RECORDS FOR THE EXERCISE:
......
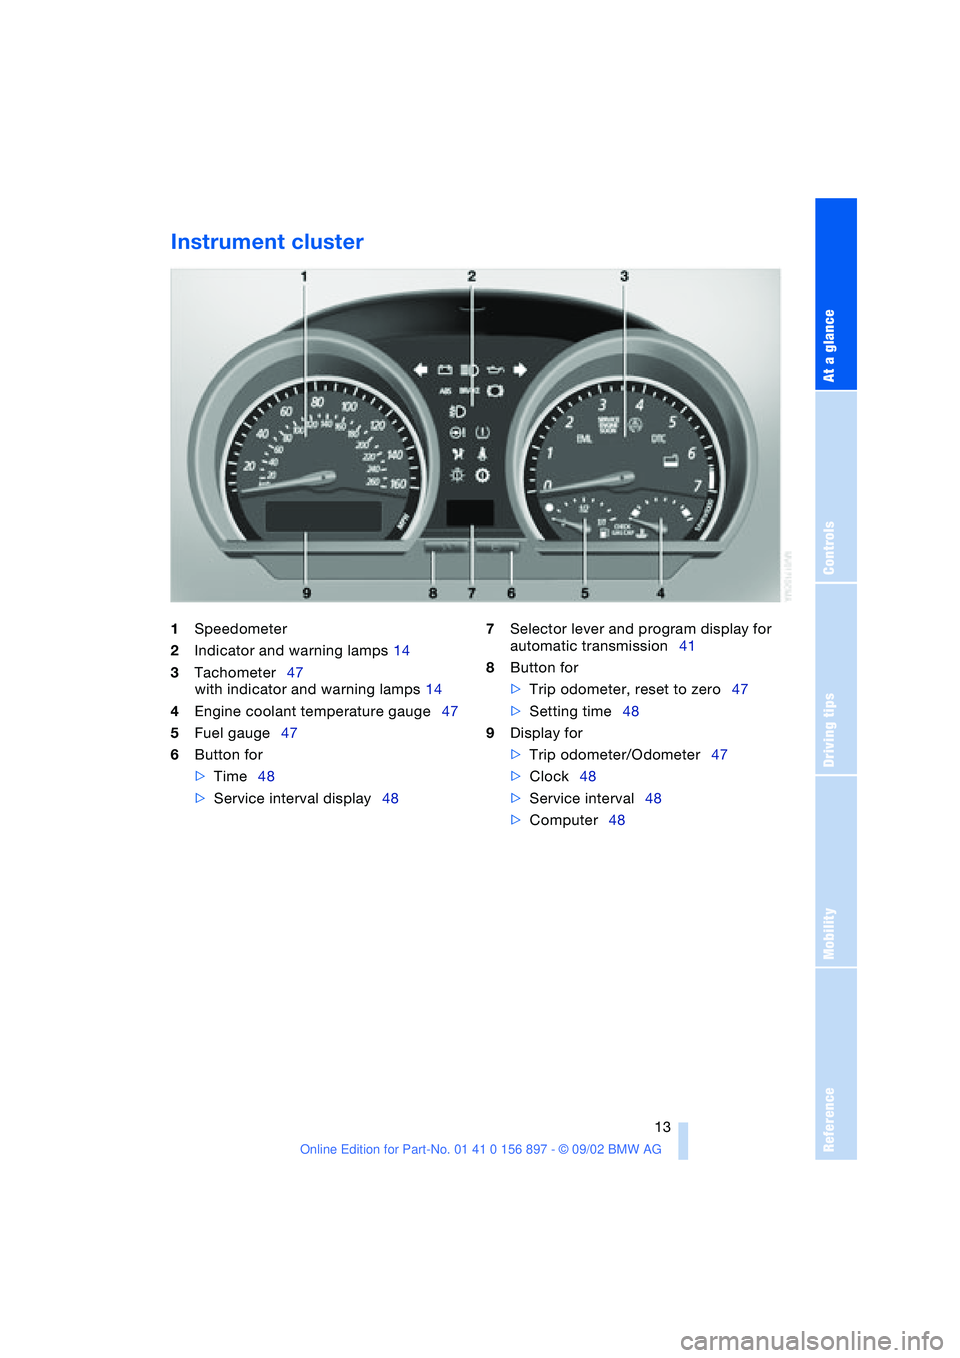 BMW 3.0i ROADSTER 2003 User Guide At a glance
Controls
Driving tips
Mobility
Reference
 13
Instrument cluster
1Speedometer
2Indicator and warning lamps 14
3Tachometer47
with indicator and warning lamps 14
4Engine coolant temperature g
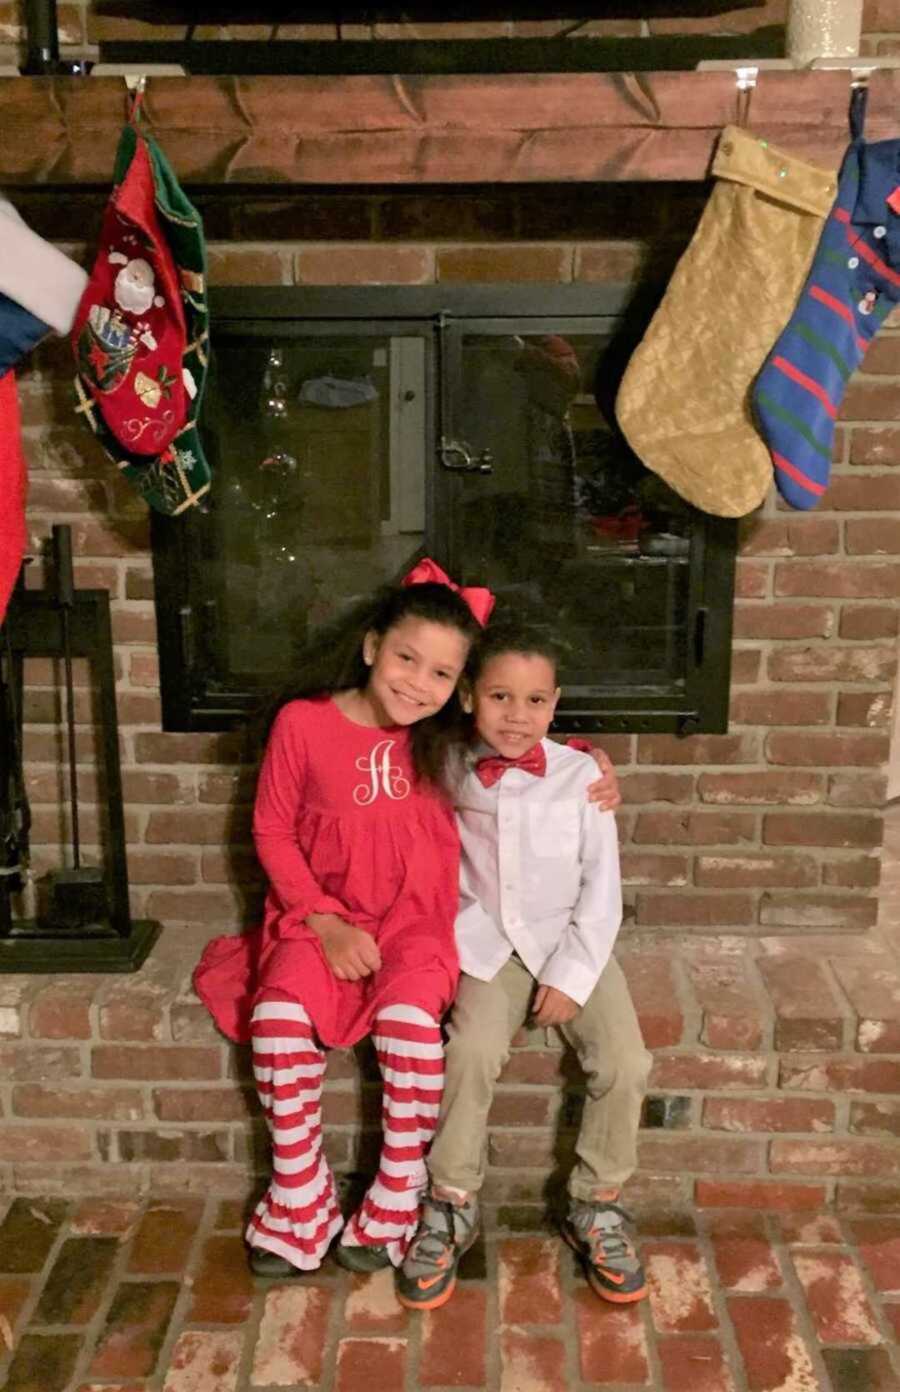 Foster siblings smiling next to fireplace
......
Each line of the material is to be output exactly. Images are not part of the expected output.

 BMW 3.0i ROADSTER 2003 User Guide At a glance
Controls
Driving tips
Mobility
Reference
 13
Instrument cluster
1Speedometer
2Indicator and warning lamps 14
3Tachometer47
with indicator and warning lamps 14
4Engine coolant temperature g
 Foster siblings smiling next to fireplace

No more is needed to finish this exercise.